--- START ---
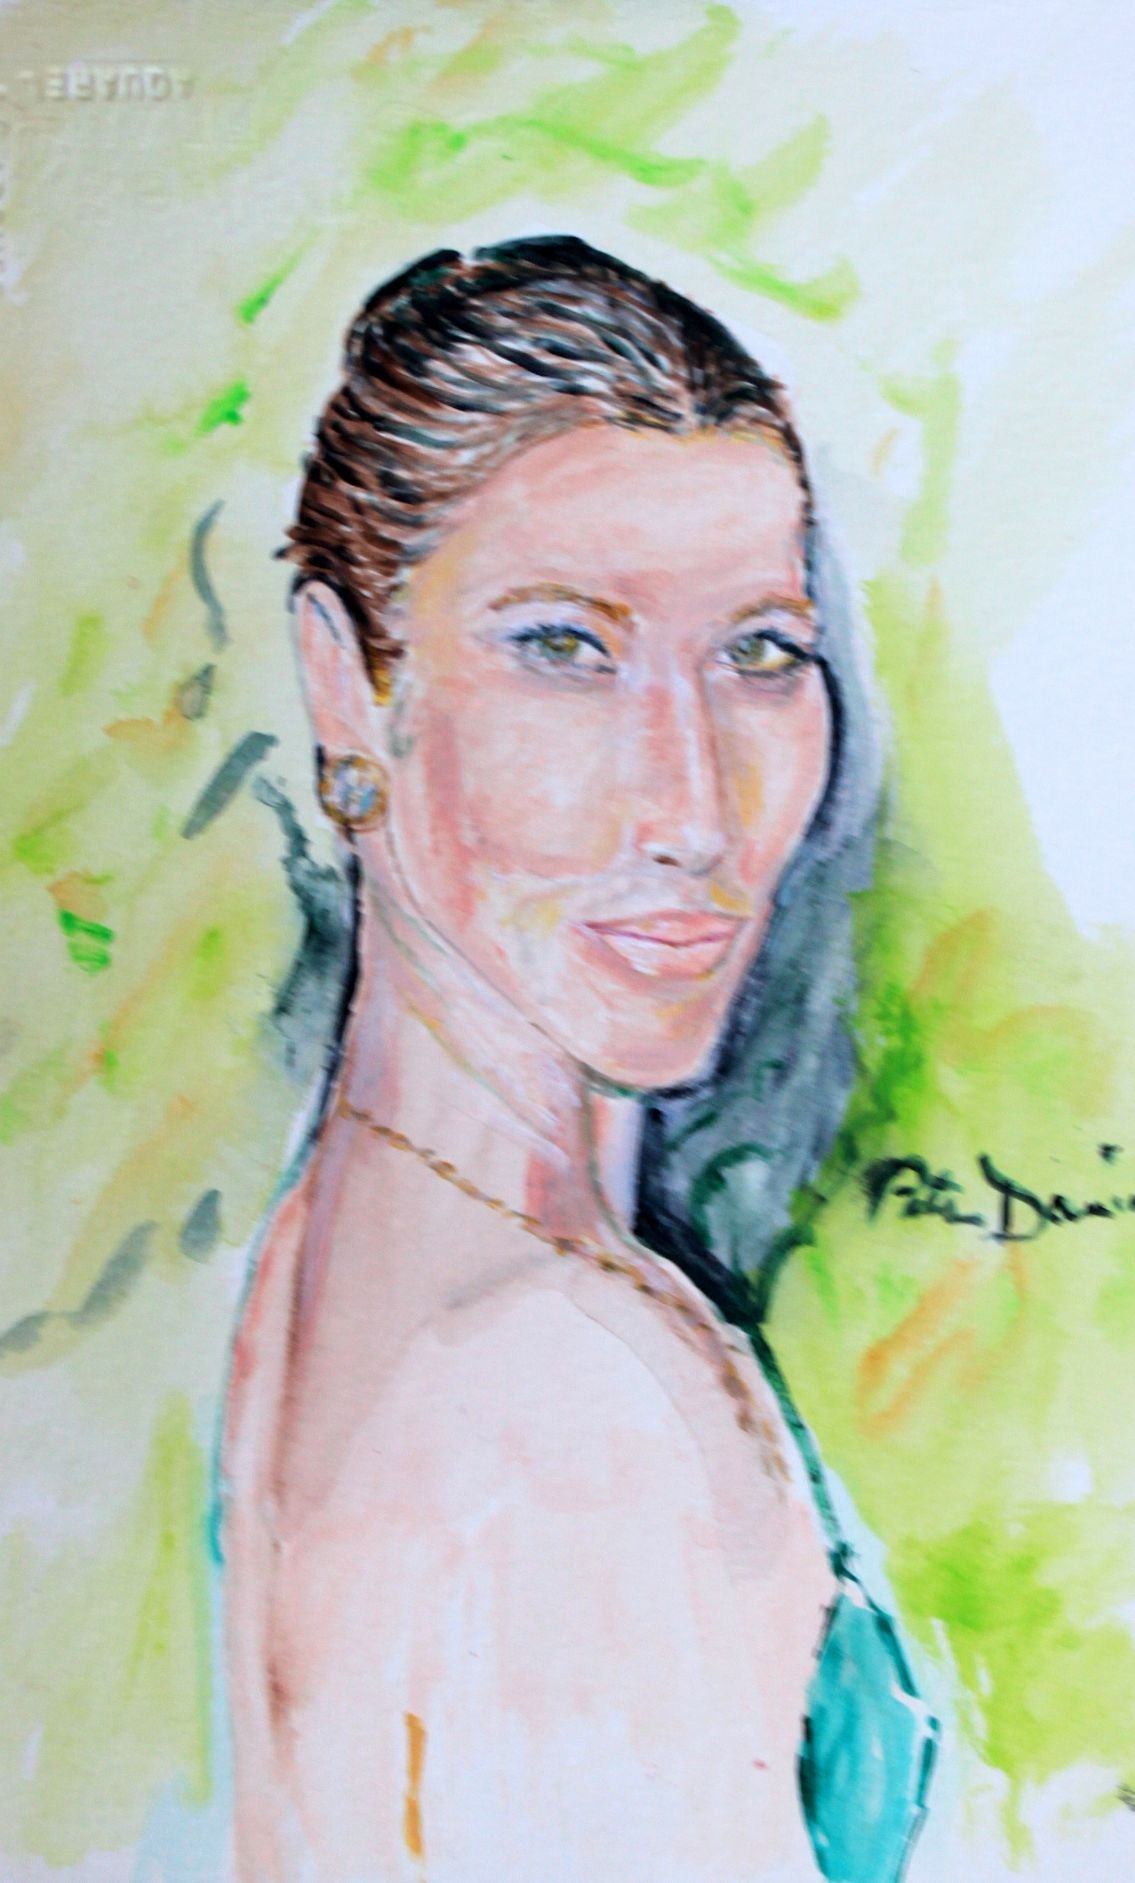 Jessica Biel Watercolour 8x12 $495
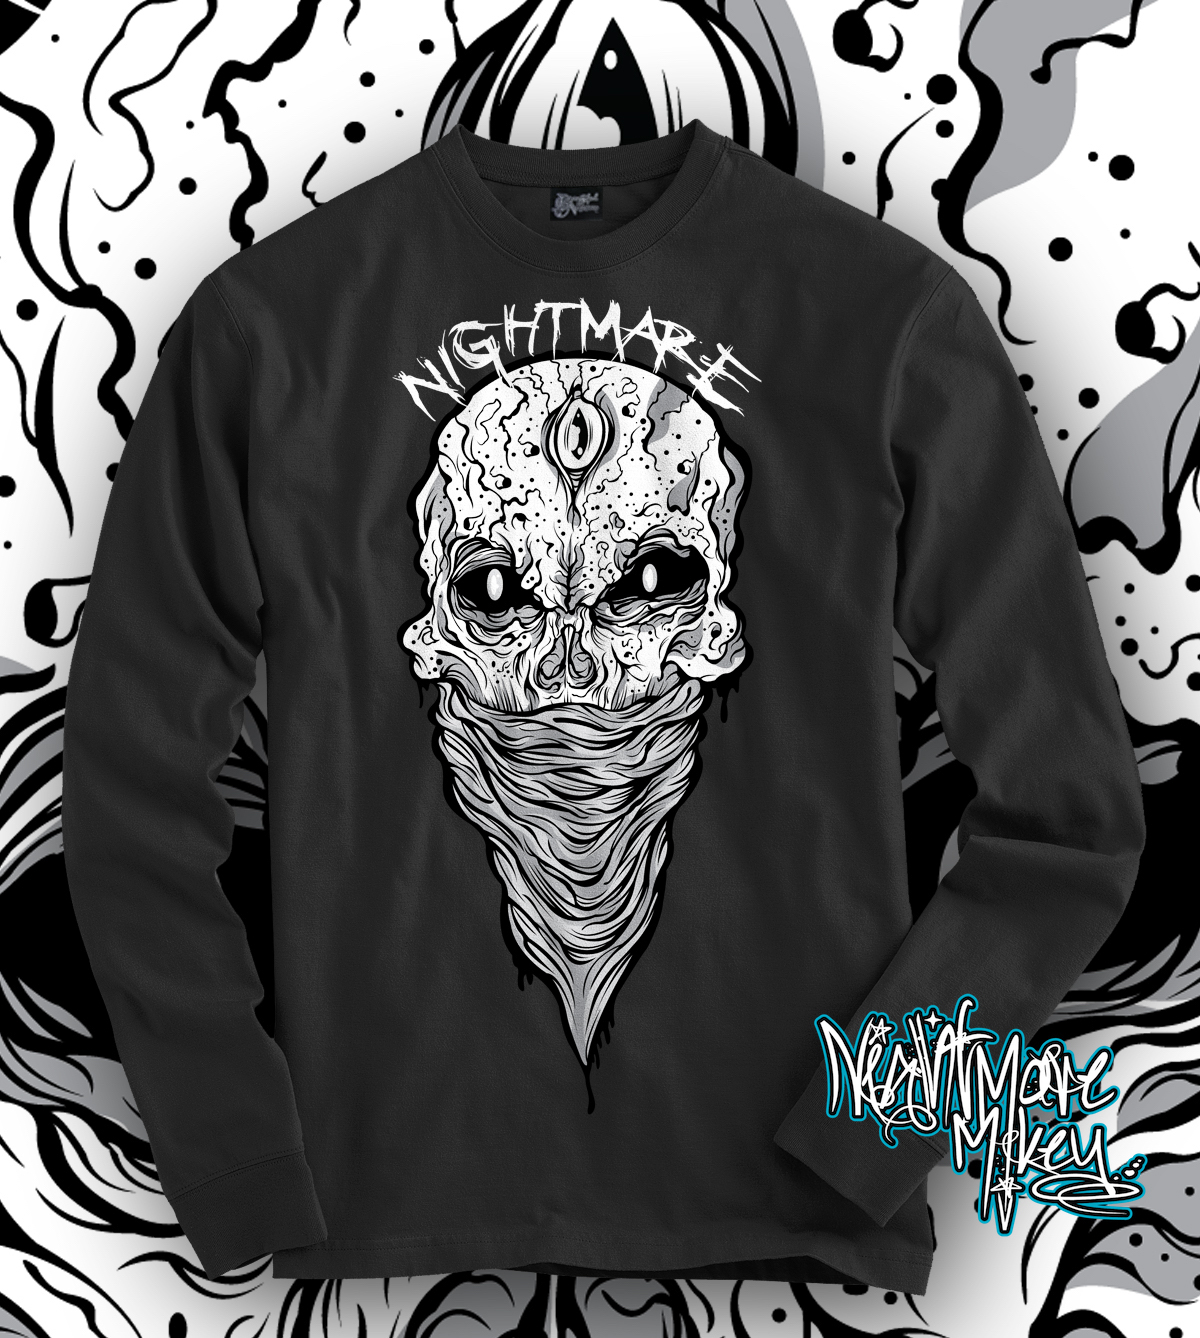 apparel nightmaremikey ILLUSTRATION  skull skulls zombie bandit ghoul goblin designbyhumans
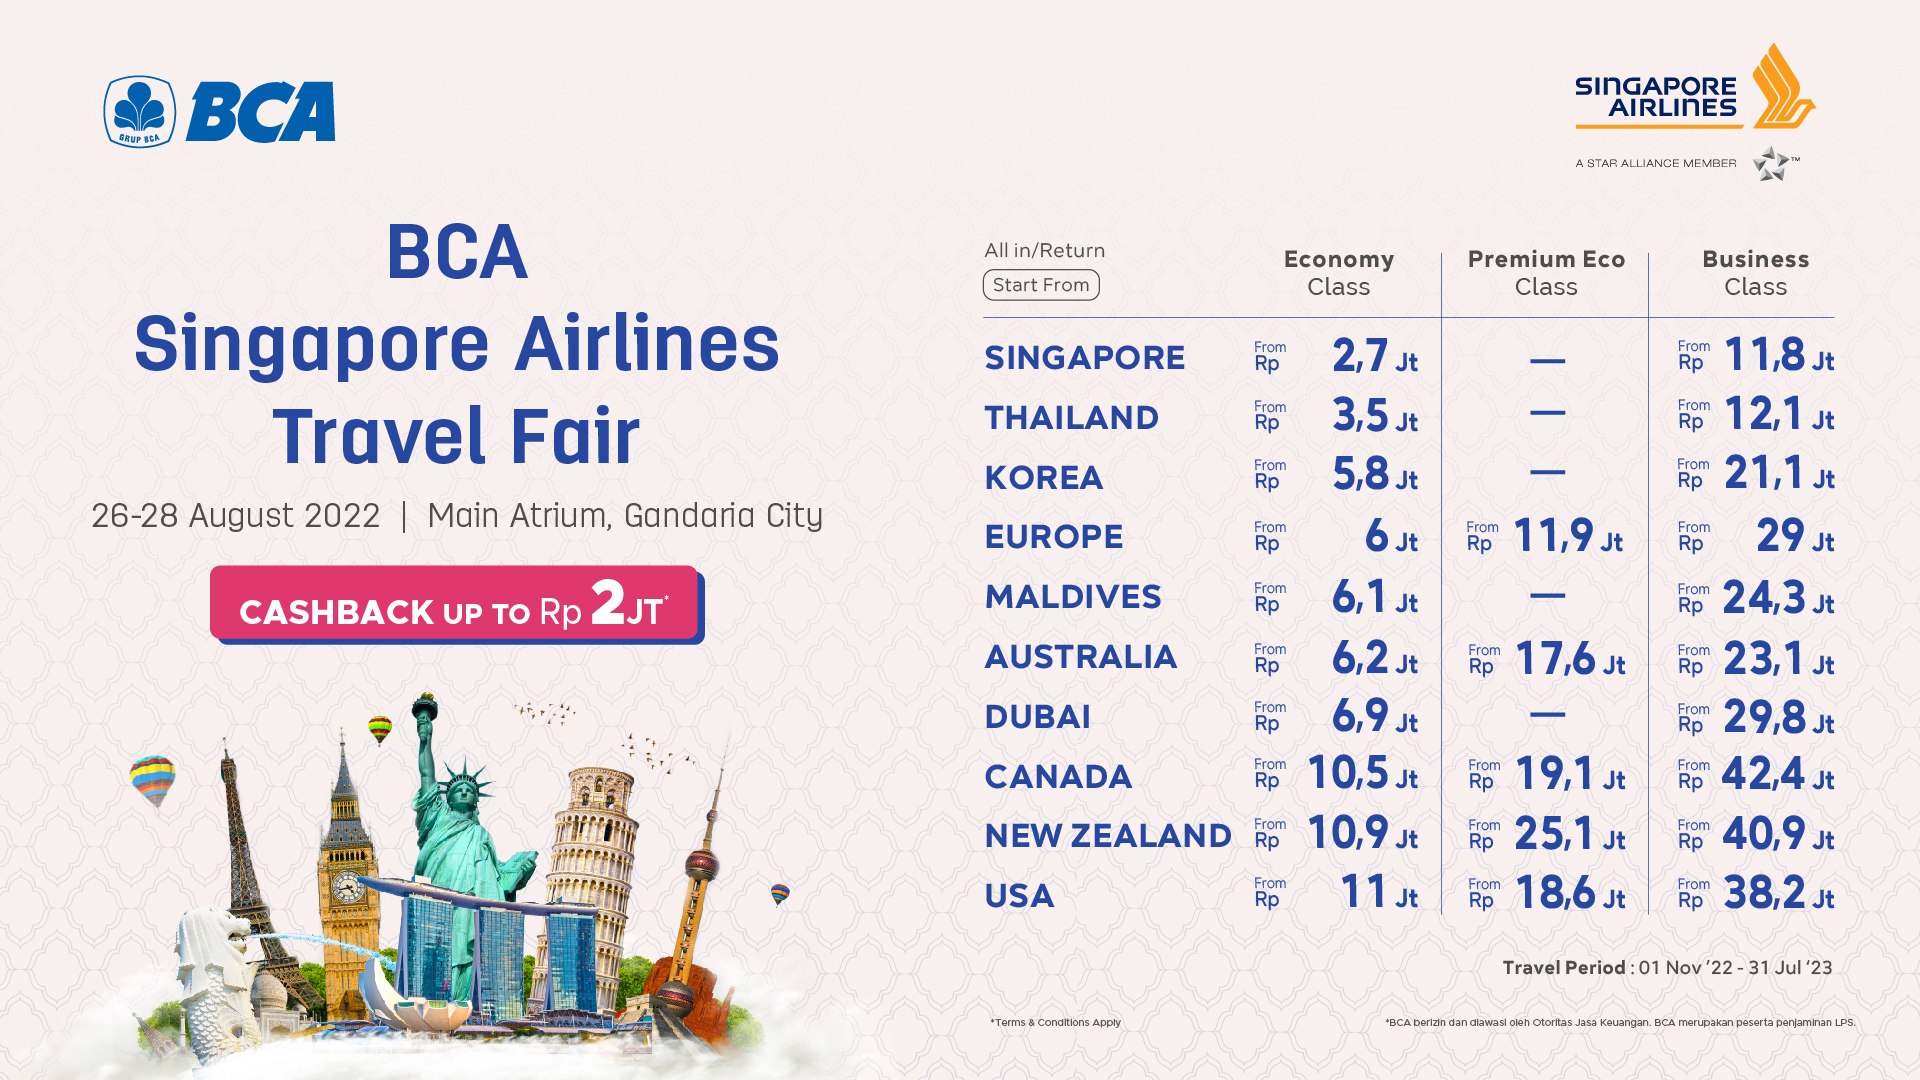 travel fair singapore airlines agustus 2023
--- END ---
**Aim of the task**. For the material above, repeat each line exactly and leave out the pictures.

**Result of the task**.
 Jessica Biel Watercolour 8x12 $495
 apparel nightmaremikey ILLUSTRATION  skull skulls zombie bandit ghoul goblin designbyhumans
 travel fair singapore airlines agustus 2023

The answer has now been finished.